Publisher's Weekly Review
The opening of a bookshop in Kilbane, Ireland, is cause for celebration in O'Connor's outstanding seventh Irish Village mystery (after 2020's Murder at an Irish Christmas), until Kilbane's residents learn the shop is stocking only good literature and the co-owners, Oran and Padraig McCarthy, will let in only customers who can quote James Joyce or Seamus Heaney. When elderly Margaret O'Shea is found dead near the shop, garda Siobhán O'Sullivan is sure she died of natural causes, but when Siobhán tries to speak to Oran, his behavior strikes her as odd. She later wonders whether Oran's antipathy to any fiction he doesn't view as literary might be connected to Margaret's death--and to the subsequent death of Deirdre Walsh, the self-published author of a dense literary novel, who collapses during a bookshop event. Deirdre's tree nut allergy could have been the cause, but a power outage shortly before might have provided cover for a killer. Aided by a garda trainee, Siobhán pursues a puzzling investigation full of misdirection and enlivened by the input of her five rambunctious siblings. O'Connor reinforces her place as the queen of the cozy police procedural. Agent: Evan Marshall, Evan Marshall Agency. (Mar.)
Kirkus Review
Garda Siobhán O'Sullivan dithers over her wedding plans and learns some important life lessons while solving two murders.

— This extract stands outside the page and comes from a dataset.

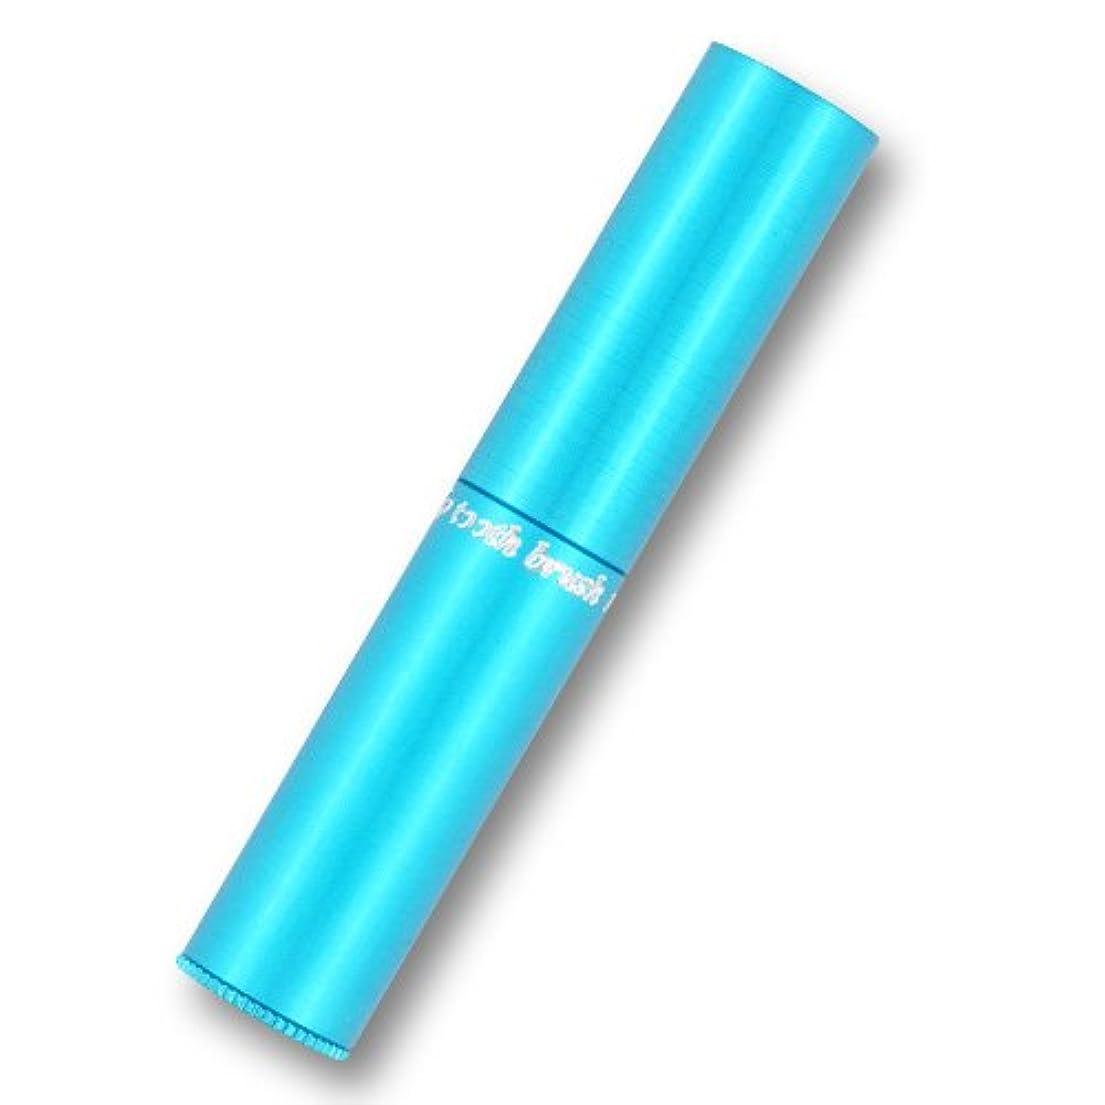 誇りに思う支給ブリーフケース携帯歯ブラシ?タベタラmigaCO(ブルー)
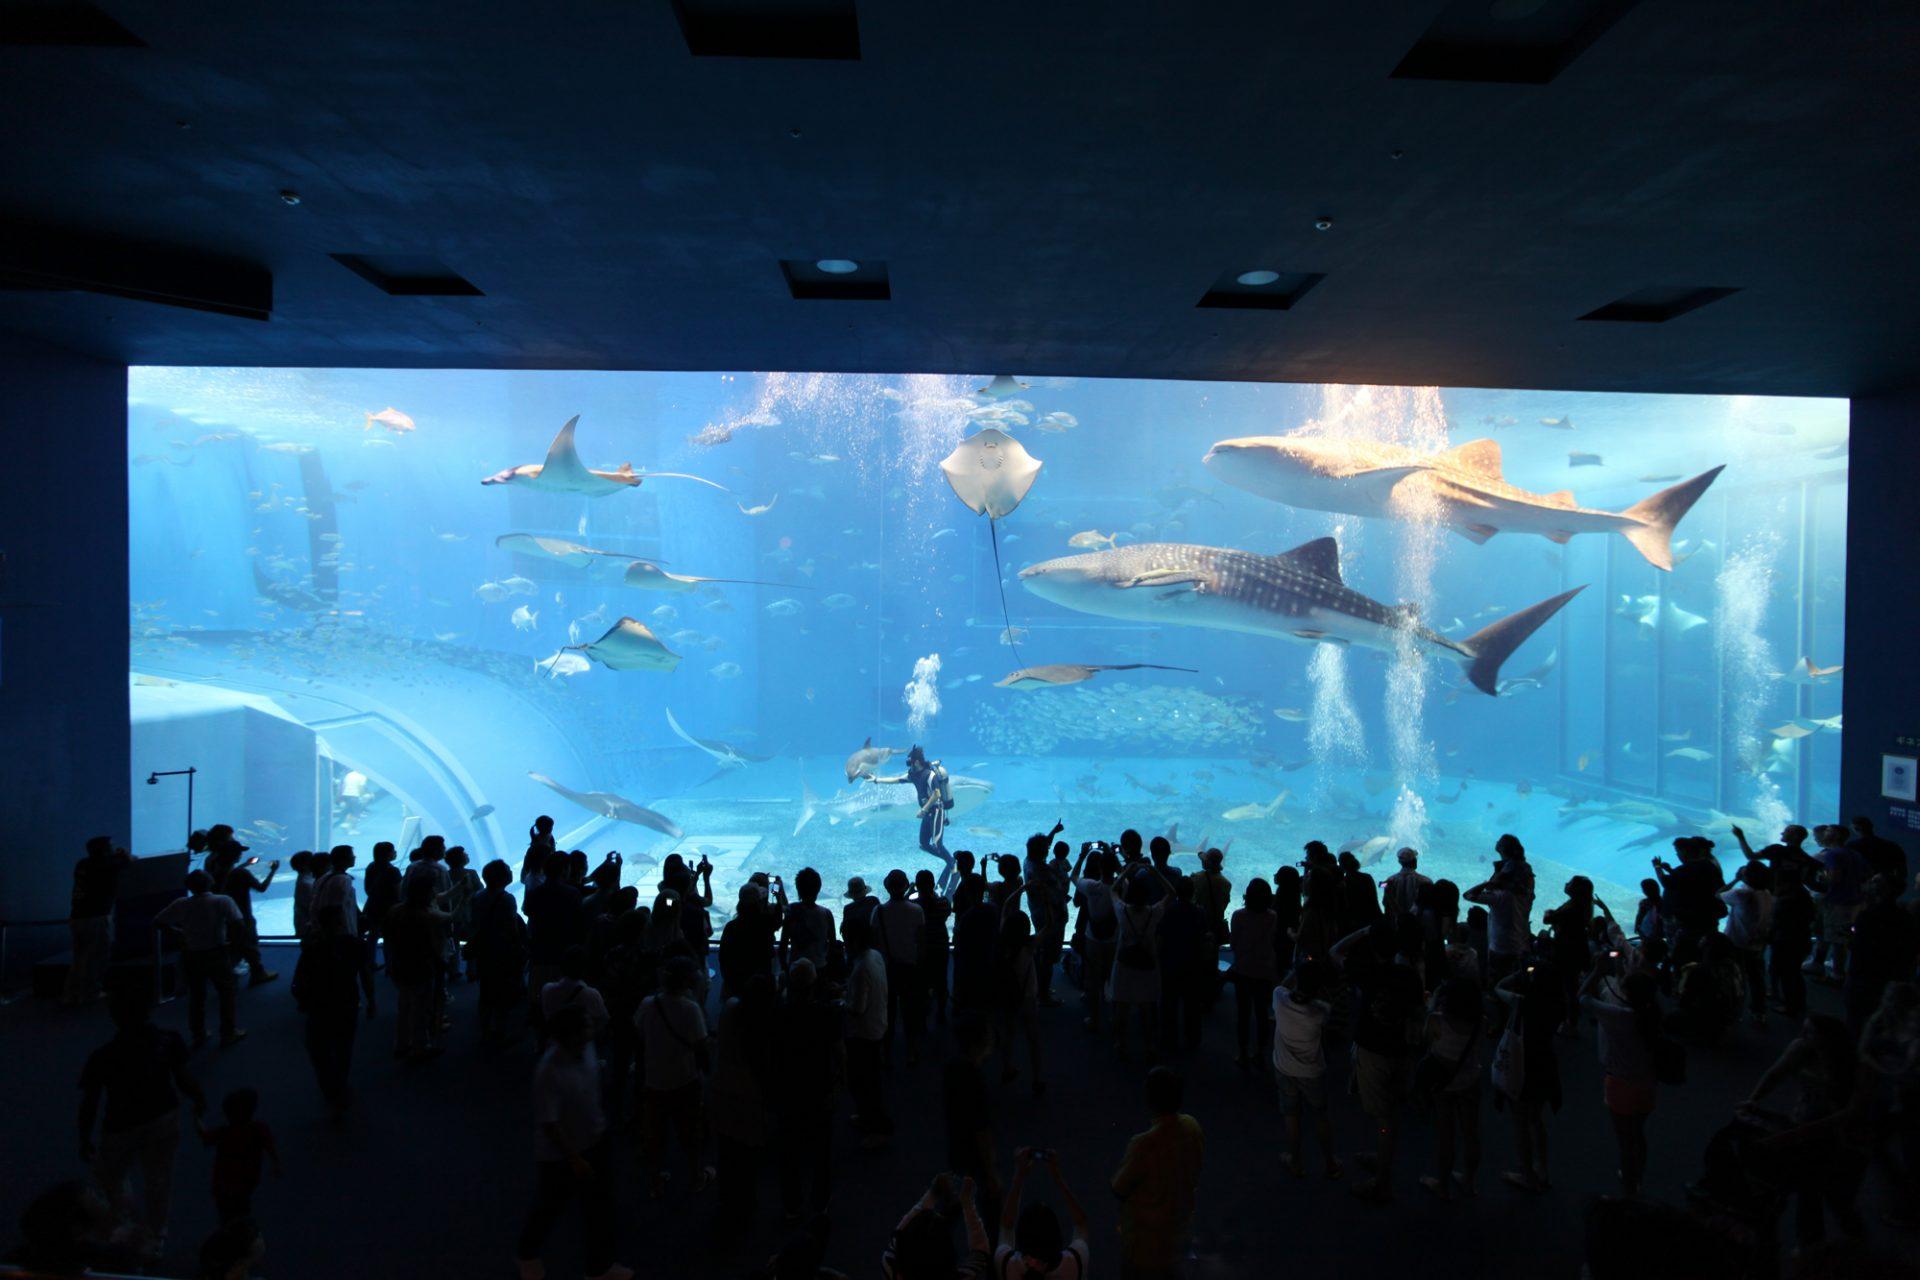 雨の日の観光におすすめ!沖縄北部「沖縄美ら海水族館」

Siobhán and her fiance, DS MacDara Flannery, are eagerly anticipating the opening of a new bookshop in Kilbane when the body of book lover Margaret O'Shea is found near the shop, a long way from the Twins' Inn, where she lived. Margaret had been in declining health but still full of life, and Siobhán's uneasy over her death. Author Deirdre Walsh is in town for the opening along with fellow authors Nessa Lamb and Lorcan Murphy and literary agent Darren Kilroy, whose client Michael O'Mara, author of a wildly popular fantasy dragon series, is rumored to be in danger because of his drinking. Siobhán notices there's no lost love between the authors as they snipe at each other and vie to be signed by Kilroy. An event at the bookshop is combined with a surprise for Siobhán's 29th birthday. While the lights are out, someone kills Deirdre. The obvious suspects are the other authors, who the Garda find are all hiding secrets. But the list of suspects expands when the pathologist finds that both Deirdre and Margaret were killed with arsenic placed on old wallpaper stuck under their tongues. A mélange of clues from classic mysteries plus plenty of Irish charm produce an enjoyable read, middling for this series. Copyright (c) Kirkus Reviews, used with permission.
Booklist Review
Siobhán O'Sullivan, a Garda officer in Kilbane, County Cork, Ireland, is looking forward to the new bookstore opening near the bistro she and some of her five siblings run. On a spring morning just before her twenty-ninth birthday, she finds a dead body lying in front of the bookstore on its opening day. The victim is an elderly woman who had hosted a meeting of the town's book group the night before, a gathering made special, although rancorous, by the attendance of three authors competing for the services of a famed literary agent. Siobhán; her colleague and fiancé, Detective Sergeant Macdara Flannery; and a new Garda, Aretta Dabiri, work the case. A storm is raging when the bookstore finally hosts a book signing, which Siobhán's family co-opts into a surprise birthday party. Just as Siobhán arrives, the lights go out. In the confusion, books fall and someone trips over the body of one of the authors. The connection between the deaths leads Siobhán, Macdara, and Aretta into the not-so-gentle world of publishing, teaching Aretta much about the close-knit town to which she has recently moved.